Dopo venti anni trascorsi a collaborare insieme, può risultare complesso parlare del proprio rapporto. Tsai Ming-liang e Lee Kang-sheng si trovano, dunque, a conversare della profonda stima e affetto reciproco generati dal più puro dei sentimenti

Tardo pomeriggio. Sull'Isola di Taiwan, presumibilmente su una delle sue colline boschive, c'è una casa di cui sono rimasti solo i muri. Qui forse al primo piano oppure al piano terra ci sono due poltroncine su cui sono accomodati il regista Tsai Ming-liang e l'attore di tutti i suoi film Lee Kang-sheng. Si trovano a parlare in questa dimora di Stray Dogs, ultima loro collaborazione, in quanto un editore di Taiwan vorrebbe pubblicare un libro a riguardo a cui vorrebbe annettere un contributo video, così da renderlo più ricco. Le ora passano. Tsai beve acqua e tè, mentre Lee fuma cinque sigarette. I due amici, colleghi, amanti, uomini uniti da un viscerale destino discutono e si confrontano. Intanto il vento smette di spirare, il sole sta calando e l'imbarazzo iniziale tra i due ha lasciato spazio a nuove consapevolezze.
In apparenza c'è poco da dire su Afternoon. Il motivo è da rintracciare nel fatto che il documentario consta esclusivamente di un'inquadratura fissa su Tsai Ming-liangLee Kang-sheng in cui i due per circa due ore e mezza parlano delle sfumature umane e professionali che compongo il loro duraturo rapporto. Non ci sarebbe molto altro da aggiungere, quindi, se non si percepisse dalla visione che il regista di origine malese nel girare il documentario sia stato mosso dalla volontà di esprimere la sua gratitudine e stima nei confronti dell'amico. Parlare di Stray Dogs è solo un pretesto, un modo per accendere il discorso, perché l'imbarazzo iniziale è forte. Nonostante la loro collaborazione artistica duri da più di 20 anni e probabilmente la conoscenza da qualche anno in più Tsai, infatti, ha difficoltà a cominciare a parlare.

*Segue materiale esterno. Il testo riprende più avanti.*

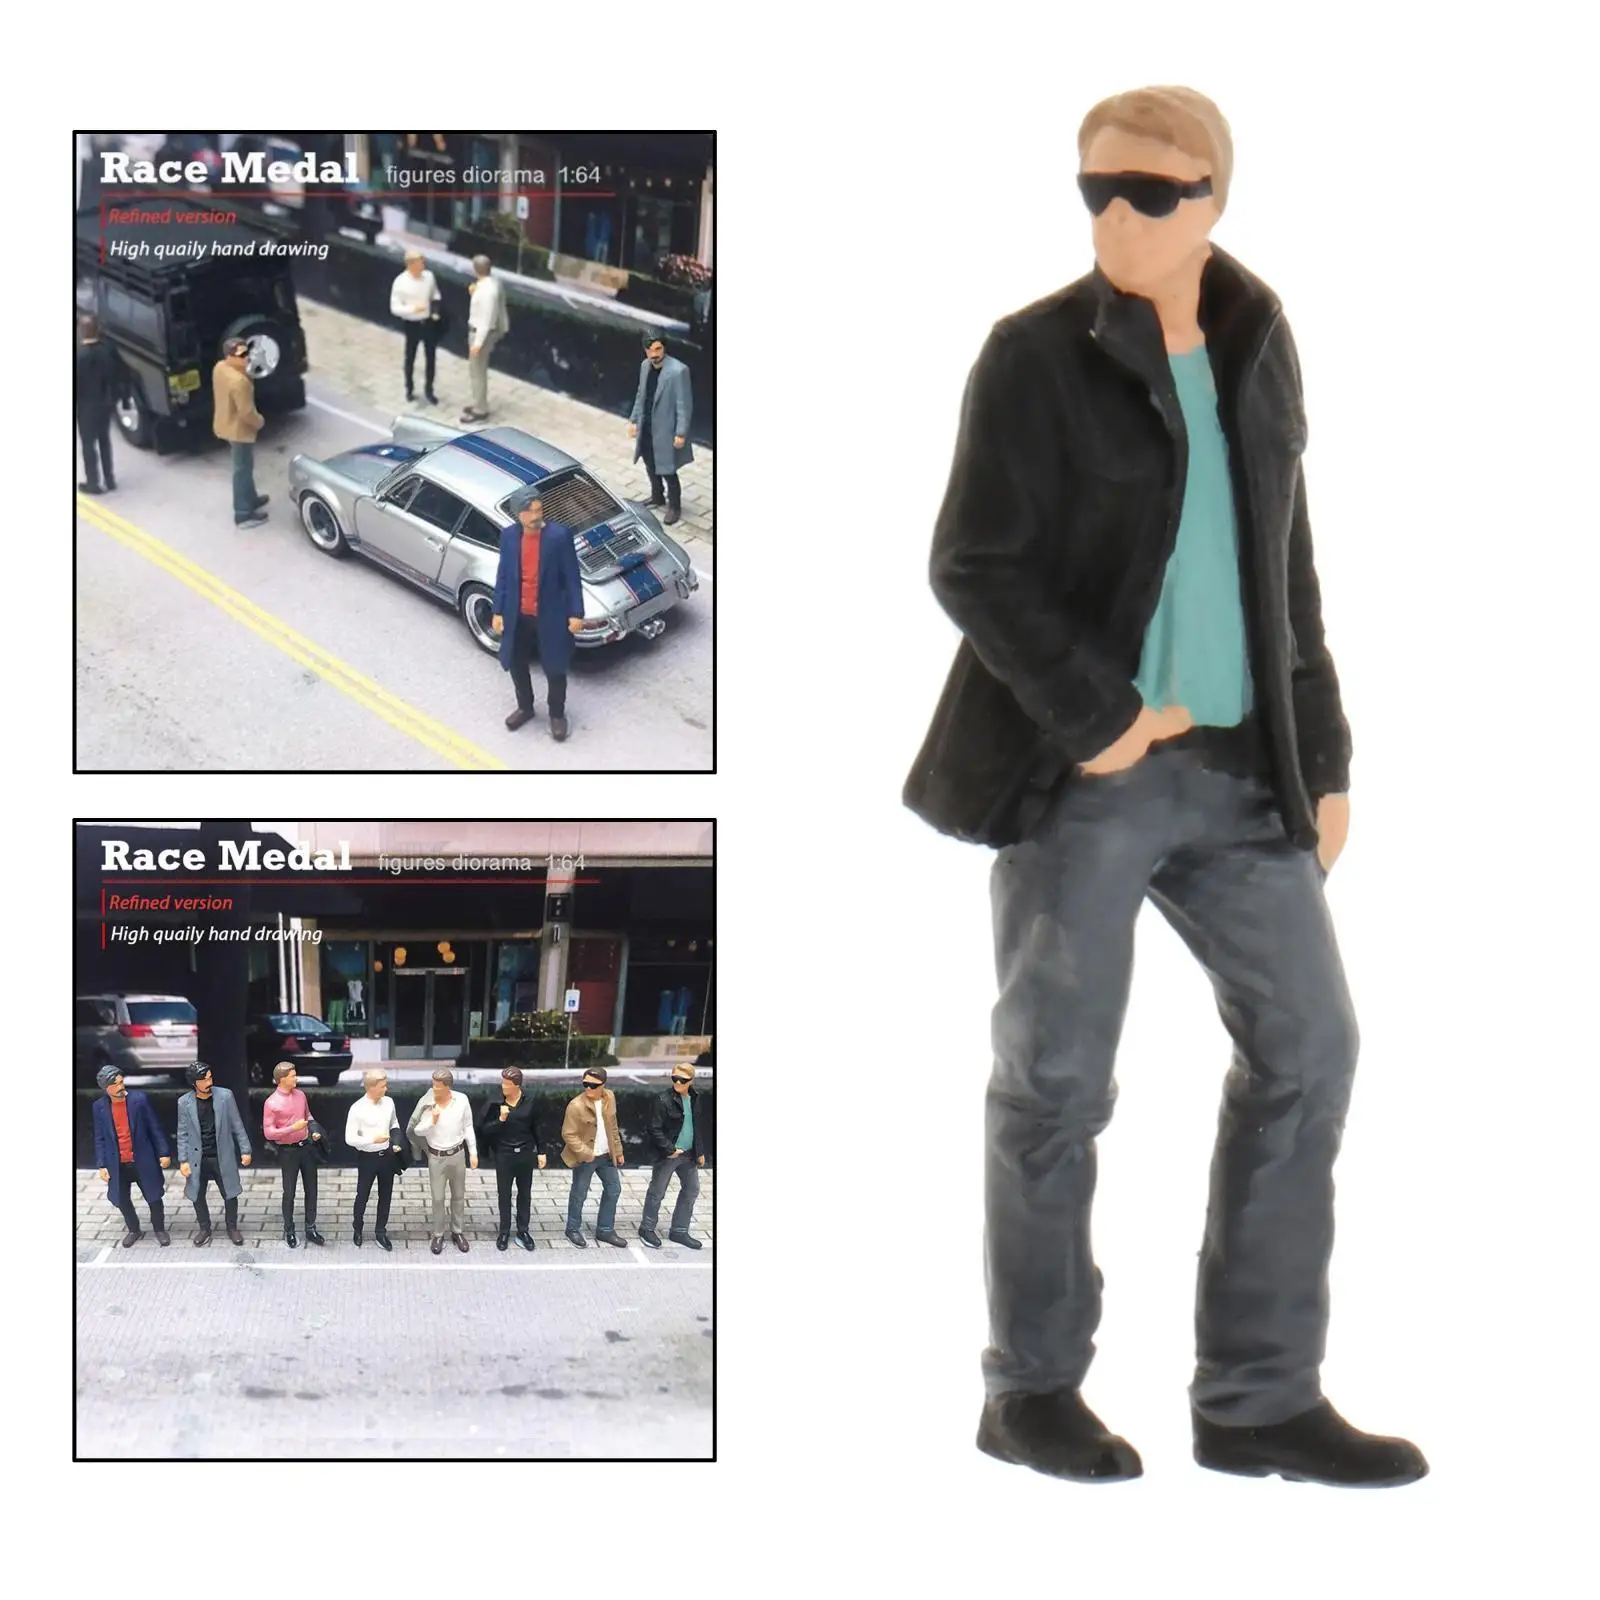 Mini 1:64 Scale Diorama Figure Jacket Street Train Scenery Accs Supplies, Look Real and Durable, Make the Scene

Ciò si nota dal fatto che dopo alcuni secondi iniziali di silenzio in cui entrambi si guardano le punte dei piedi, il regista rompe il ghiaccio affermando: "Se non ci fossi stato tu, i miei film non sarebbero mai nati". Da questo istante comincia un monologo del cineasta taiwanese a volte interrotto da qualche battuta di Lee o da qualche suo mugugno in cui gli aneddoti si mischiano alle riflessioni.
Si viene a conoscenza che i produttori dei primi film di Tsai scapparono con tutti i soldi dopo il successo di Vive l'amour (1994), lasciandolo senza soldi. Altra storia riguarda la sua decisione di girare nel 2006 Hei yan guan nonostante il successo ancora vivo de Il gusto dell'anguria (2005), per risollevare l'animo di Lee, depresso e abbattuto dopo la scomparsa del padre. Ancora si viene a conoscenza del rapporto di entrambi con i rispettivi genitori e di come Tsai non sopporti particolarmente la madre di Lee, colpevole di urlare tantissimo. Questi brevi passaggi di vita sono incorniciati da un filo di sentimenti e passioni che il regista sviscera verso l'amico. Ciò prende avvio con una pura e cristallina ammissione di devozione, per poi espandersi e spiegarsi, fino a comprendere che il loro rapporto travalica i confini materiali del concetto di sentimento. Non è semplicemente amore, né tanto meno amicizia, né stima o rispetto: ciò che lega il regista e l'attore è un cordone ombelicale di reciproca sussistenza, di linfa creativa e vitale che mantiene vivo e attivo Tsai nonostante si evinca il suo profondo stato attuale di depressione. Usa parole di compassione e sconfitta Tsai, quando parla del suo presente, compromesso, inoltre, da una profonda malattia. Si sente sconfitto, fuori dai giochi del mondo, inerme nei confronti di un senso globale di vita a cui lui non si sente più partecipe.

Anche quando il regista usa parole velate dal dramma, non perde, però, la purezza, la sincerità, la più cristallina verità nel dichiarare che se non ci fosse Lee nella sua vita, lui non sarebbe riuscito a fare nulla. Questo carattere di innocenza rende, infine, il documentario sempre attivo, mai claustrofobico, nonostante prenda forma da una camera fissa, o noioso, al punto di accorgersi solo al termine che il vento all'esterno è calato e che la giornata volge alla conclusione. 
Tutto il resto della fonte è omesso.